The full pattern of the patient’s symptoms and signs, taken together with their onset and course, will usually allow the clinician to form an opinion as to the specific disorder(s). This diagnosis is not set in stone, but serves as the practitioner’s best judgment about the patient’s current state. The diagnosis may well be revised as the clinician gains new information, including information about how the patient responds to a particular form of treatment.

SELF – REPORT MEASURES

 

In some clinical assessments, a clinician will also seek information about a patient by administering self-report measures. Some of these measures are relatively brief and target a certain set of symptoms. These include measures such as the Beck Depression Inventory (Beck, Steer, & Brown, 1996); sample items from this inventory are shown in Figure 16.6. Other self-report measures are much broader (and longer), such as the Minnesota Multiphasic Personality Inventory, or MMPI. This test was developed in 1940 and was redesigned in 1989; the current version, the MMPI-2, includes an imposing 567 items (Butcher, Dahlstrom, Graham, Tellegen, & Kaemmer, 2001; Butcher et al., 1992).


 

To construct the MMPI, its authors began with a large pool of test questions and administered them to patients known to have a variety of different mental disorders, as well as to a group of nonpatients. Next, they compared the patients’ responses to those of the nonpatients. If all groups tended to respond to a particular question in the same way, that question was deemed uninformative and was removed from the test. A question was kept on the test only if one of the patient groups tended to answer it differently from how the nonpatient group answered it. The result was a test specifically


designed to differentiate among patients with different mental disorders. Figure 16.7 shows an MMPI score profile.

 

PROJECTIVE TESTS

 

Some clinicians supplement clinical interviews with what is called a projective test.
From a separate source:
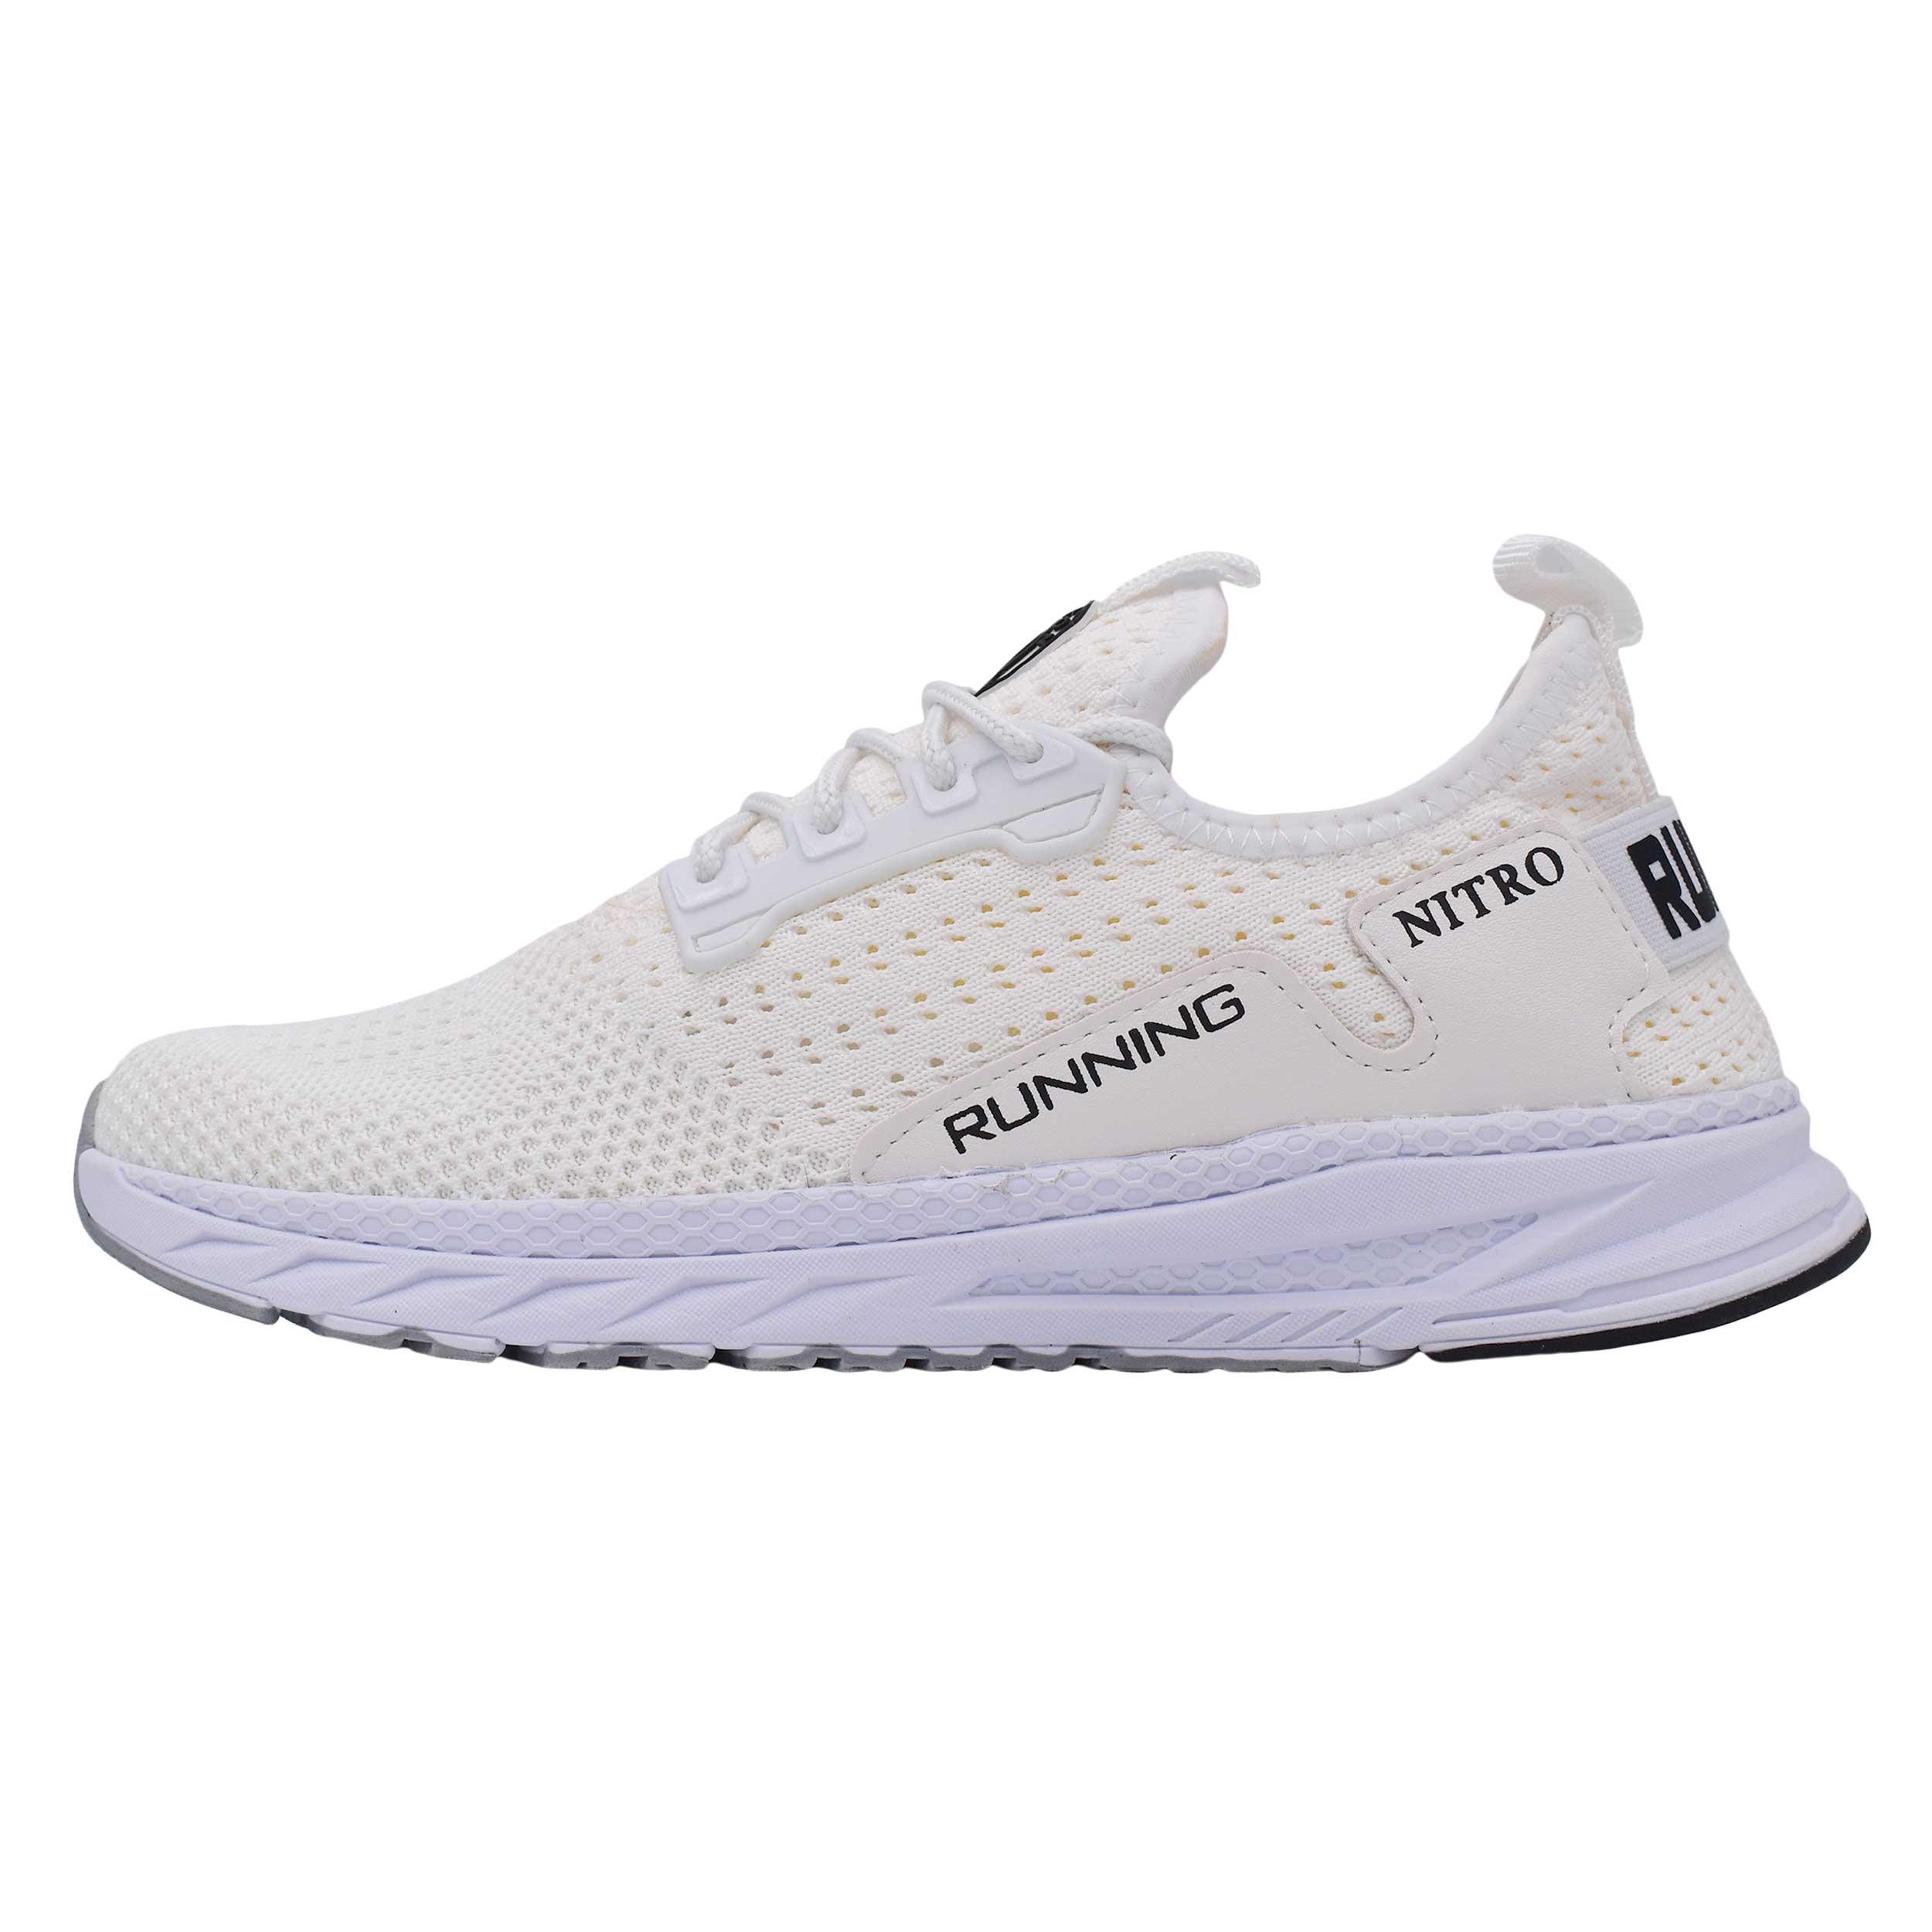 کفش مخصوص پیاده روی مردانه نیترو مدل N-006W کد 7487

Advocates of projective tests argue that when the patient is asked to respond to stimuli that are essentially unstructured or ambiguous, he cannot help but impose a structure of his own, and, in the process of describing (or relying on) this structure, he gives valuable information about unconscious wishes and conflicts that could not be revealed by direct testing.

 

One such test has the participant make up a story to describe what is going on in a picture (the Thematic Apperception Test, or TAT; C. D. Morgan & Murray, 1935). Responses to these pictures are seen as revealing implicit or otherwise hidden motives (Figure 16.8; McAdams, 1980; for variants on this procedure, see McClelland, Koestner, & Weinberger, 1989; Winter, 1999). Another projective test, the Rorschach Inkblot Test, has the patient describe what he sees in an inkblot (Figure 16.9; Rorschach, 1921).



 

Projective tests such as these are extremely popular—with more than 8 in 10 clini-cians reporting that they use them at least occasionally (Watkins, Campbell, Nieberding, & Hallmark, 1995). However, there is general agreement in the research community that these tests’ popularity outstrips their demonstrated validity. One review of Rorschach findings reported only small correlations with mental health–related criteria (Garb, Florio, & Grove, 1998), and there is ongoing debate about the role projective tests should play in diagnosis (Garb, Wood, Nezworski, Grove, & Stejskal, 2001; Lilienfeld, Wood, & Garb, 2000; Rosenthal, Hiller, Bornstein, Berry, & Brunell-Neuleib, 2001; Westen & Weinberger, 2005).